Report: 2 Russian Tu-95 Strategic Bombers Violate Japan’s Airspace
Credit: Japan Ministry of Defense

Japan’s Ministry of Defense (MoD) reports that two nuclear-capable Russian Tupolev Tu-95MS strategic bombers have violated the country’s airspace off the Japanese island of Minamidaitō southeast of Okinawa and off Hachijō island in the Philippine Sea on June 20.

According to the MoD, a total of three Tu-95MS bombers conducted a long-range patrol along the eastern and western rims of the Japanese archipelago circumventing all major islands — Hokkaido, Honshu, Shikoku, and Kyushu–in the course of the flight.

It is unclear whether the Russian bombers were accompanied by fighter aircraft during today’s long-range aerial patrol. Given the distance flown it is likely that the Tu-95MSs received midair refueling while on their mission.

Japan Air Self Defense Force (JASDF) reportedly scrambled fighter jets to intercept the Russian military aircraft. In response to the Japanese allegations, the Russian MoD claimed later that there were no border violations during the flight operation.
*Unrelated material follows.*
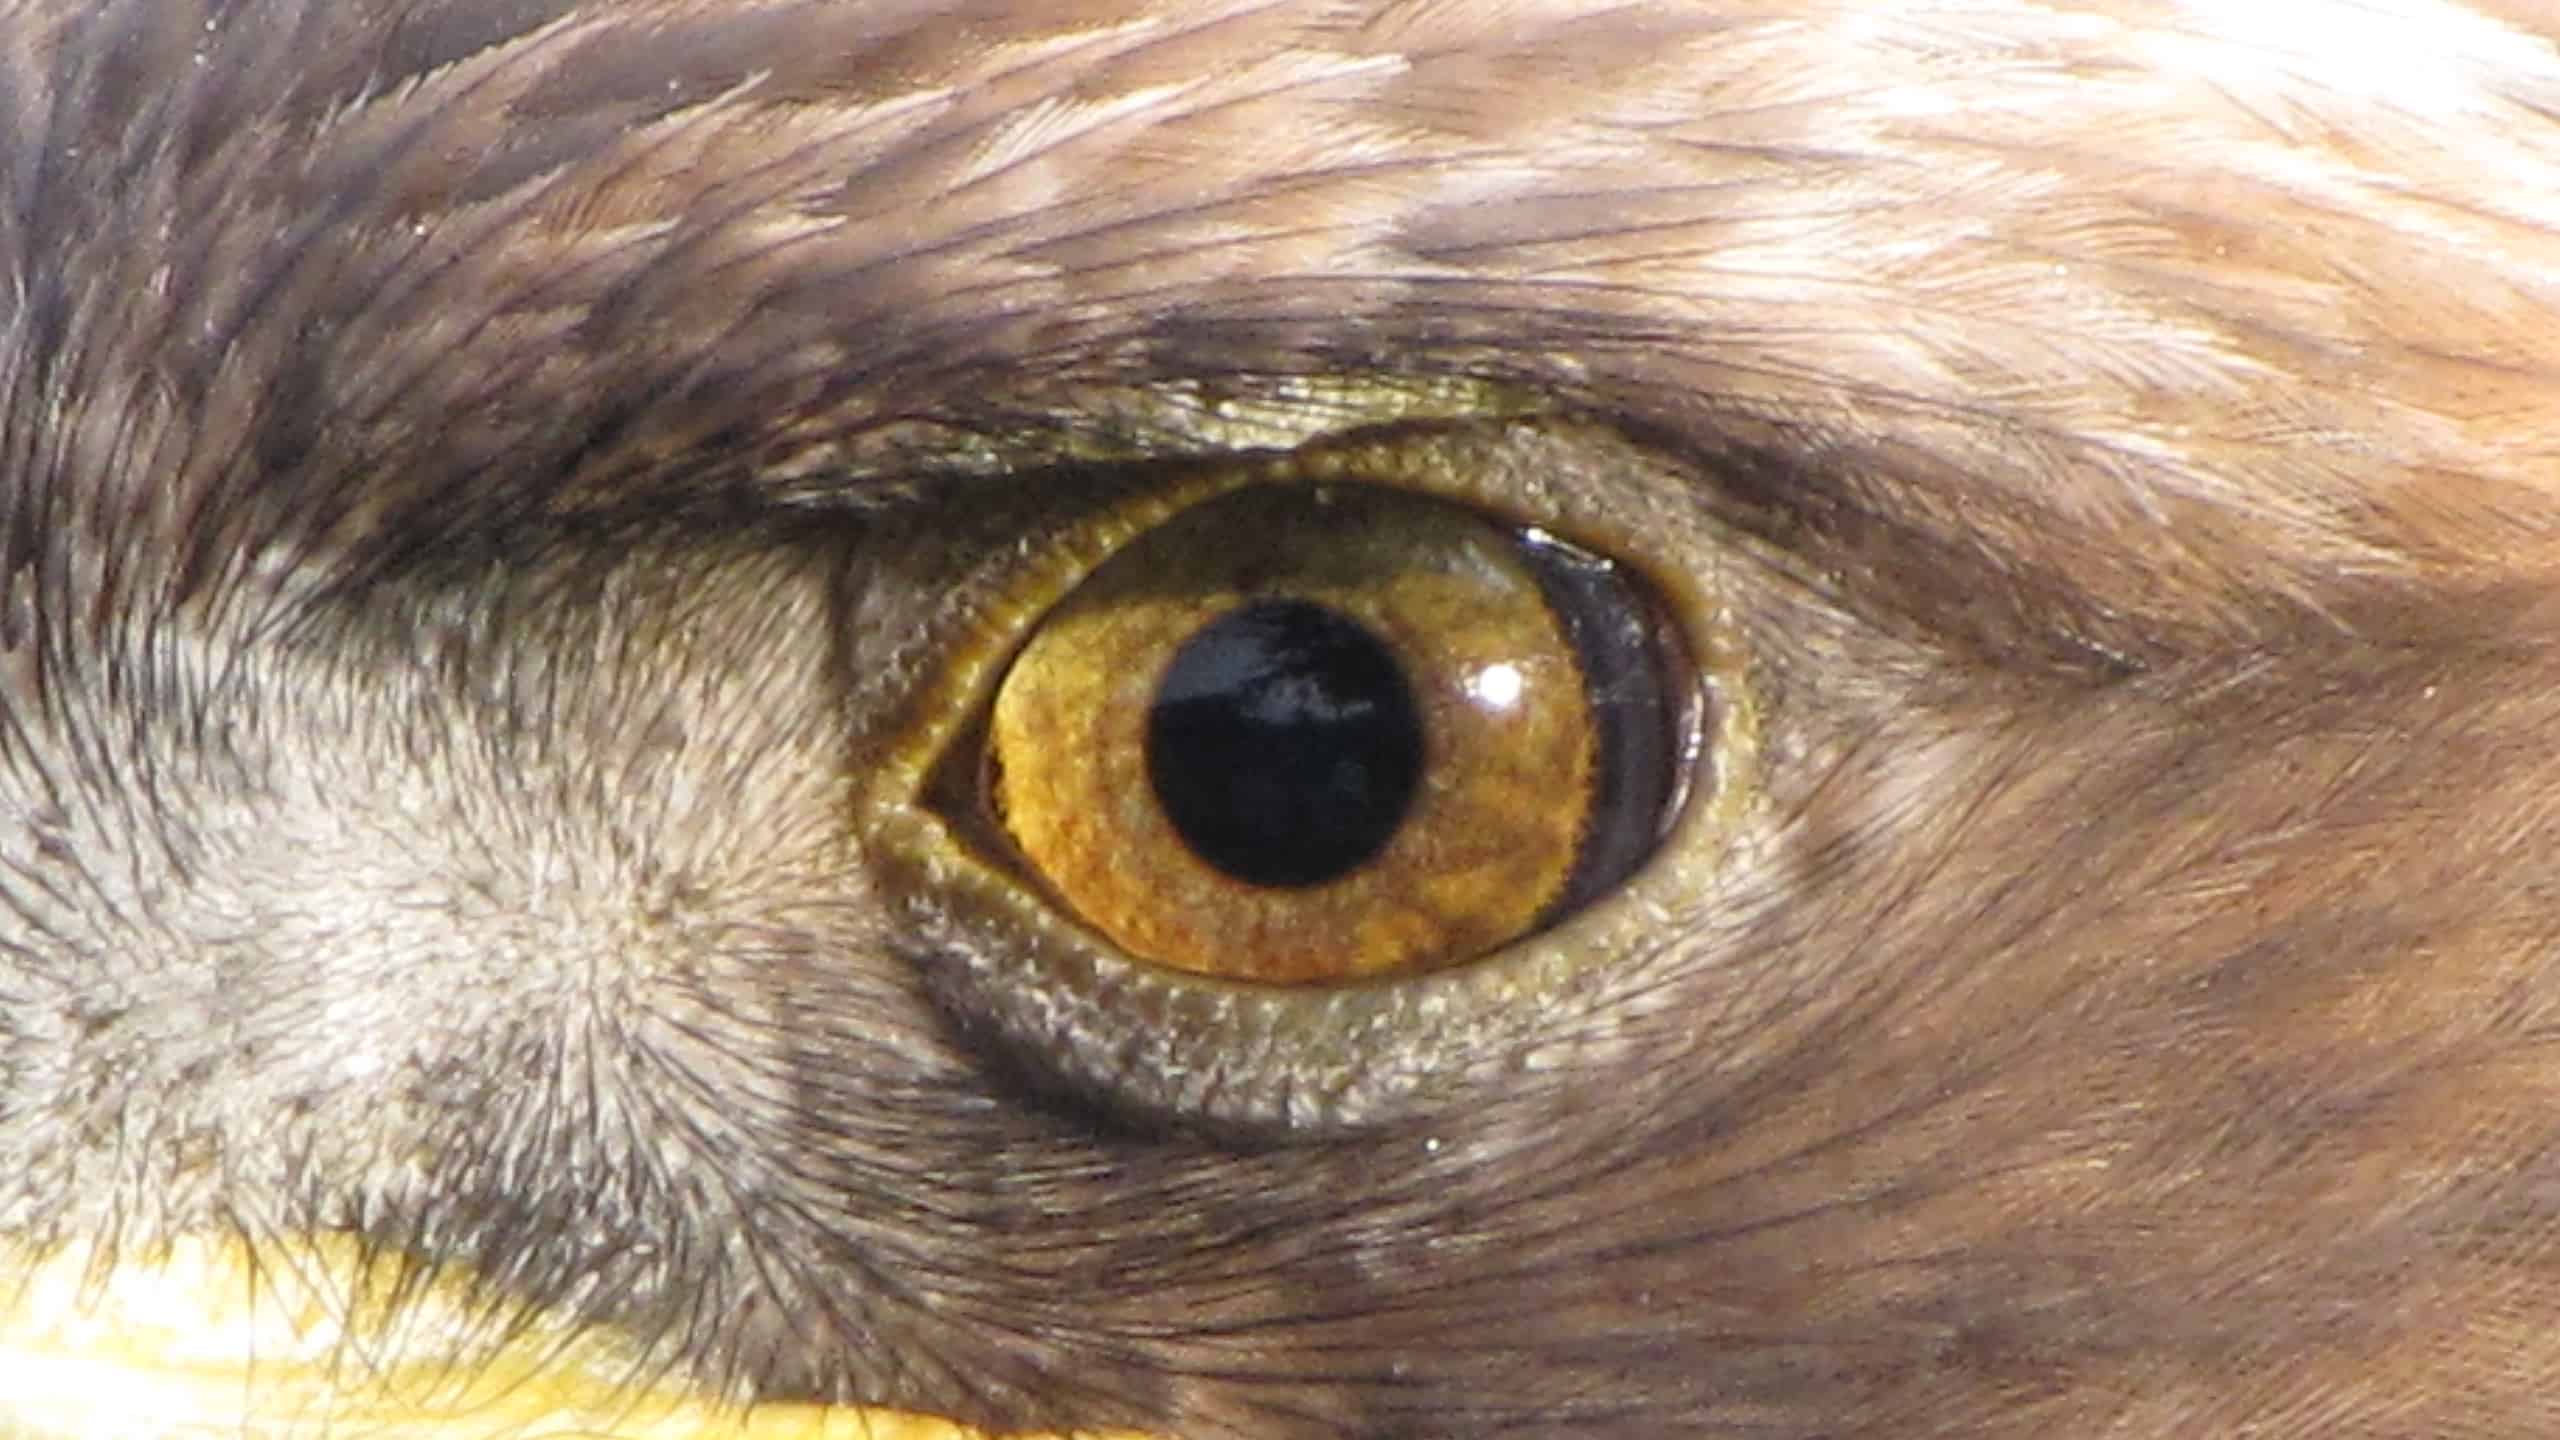 Close-up of a golden eagle's eye.

Russian strategic bombers periodically circumvent the Japanese archipelago during long-range patrols. Russia only resumed regular long-range aerial patrols in East Asia in 2014 following an over a decade-long hiatus that began in the 1990s.
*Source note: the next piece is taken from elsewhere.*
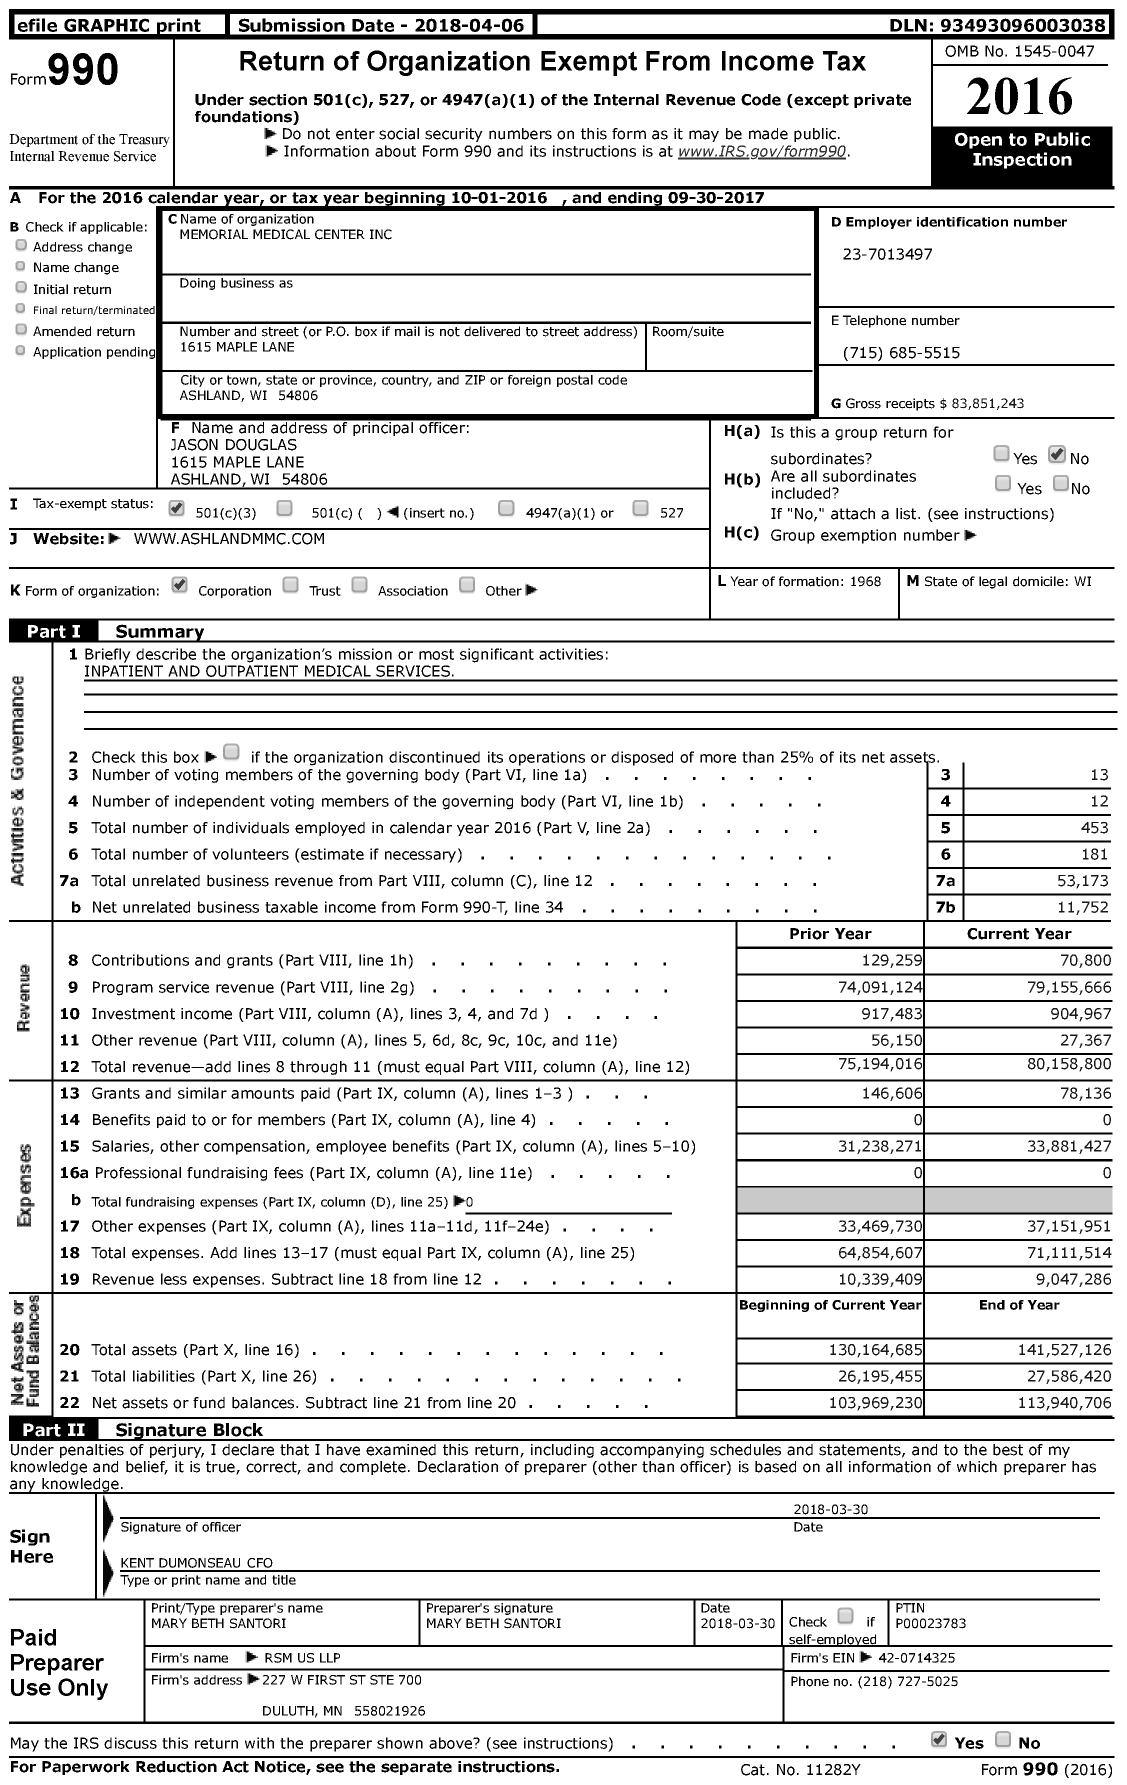 Image of first page of 2016 Form 990 for Memorial Medical Center (MMC)

The Russian MoD usually refers to these flight operations as “routine flights” conducted in “strict accordance with international rules of using airspace, without any violations of the borders of other countries.”

The last reported violation of Japanese airspace by a Russian military aircraft took place in September 2015 off the South Kuril Islands, located in the Sea of Okhotsk in the Northwest Pacific. The island chain has been subject to a long-standing territorial dispute between Russia and Japan.
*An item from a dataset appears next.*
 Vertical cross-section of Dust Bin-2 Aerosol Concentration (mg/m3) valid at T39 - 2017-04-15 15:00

The JASDF conducted 343 scrambles against Russian military aircraft in fiscal year 2018, which ended this March. This constitutes a decline in comparison to fiscal year 2017, when the service scrambled fighter jets to intercept Russian military planes 390 times.

In February 2019, JASDF fighters intercepted four Tu-95MS strategic bombers and four Sukhoi Su-35S (Flanker-E+) multirole fighter jets flying in two separate formations over the east and west coasts of Japan.

The last reported JASDF scramble against Russian military took place on May 3 when two Tupolev Tu-142MZ maritime reconnaissance and anti-submarine warfare aircraft, conducting a long-range patrol in the Sea of Japan and East China Sea, were intercepted by Japanese fighter jets.

The increased Russian operational tempo in East Asia has led to a number of accidents this year.

“A pair of Su-34 fighter-bombers crashed into the Sea of Japan after reportedly colliding with each other off the coast in Russia’s Far East on January 18 (…),” I reported in February of this year.“Additionally, a Russian Air Force Tupolev Tu-22M3 supersonic bomber crashed at Olenegorsk airbase, in Russia’s northwestern region of Murmansk killing three crew members, on January 22.”

The Tu-95MS is an improved version of the older Tu-95, a Soviet-era four-engine, long-range, turboprop, strategic bomber that can be armed with stand-off missiles including the Kh-101/Kh-102 (nuclear variant) air-launched cruise missile or the Kh-55 subsonic air-launched cruise missile.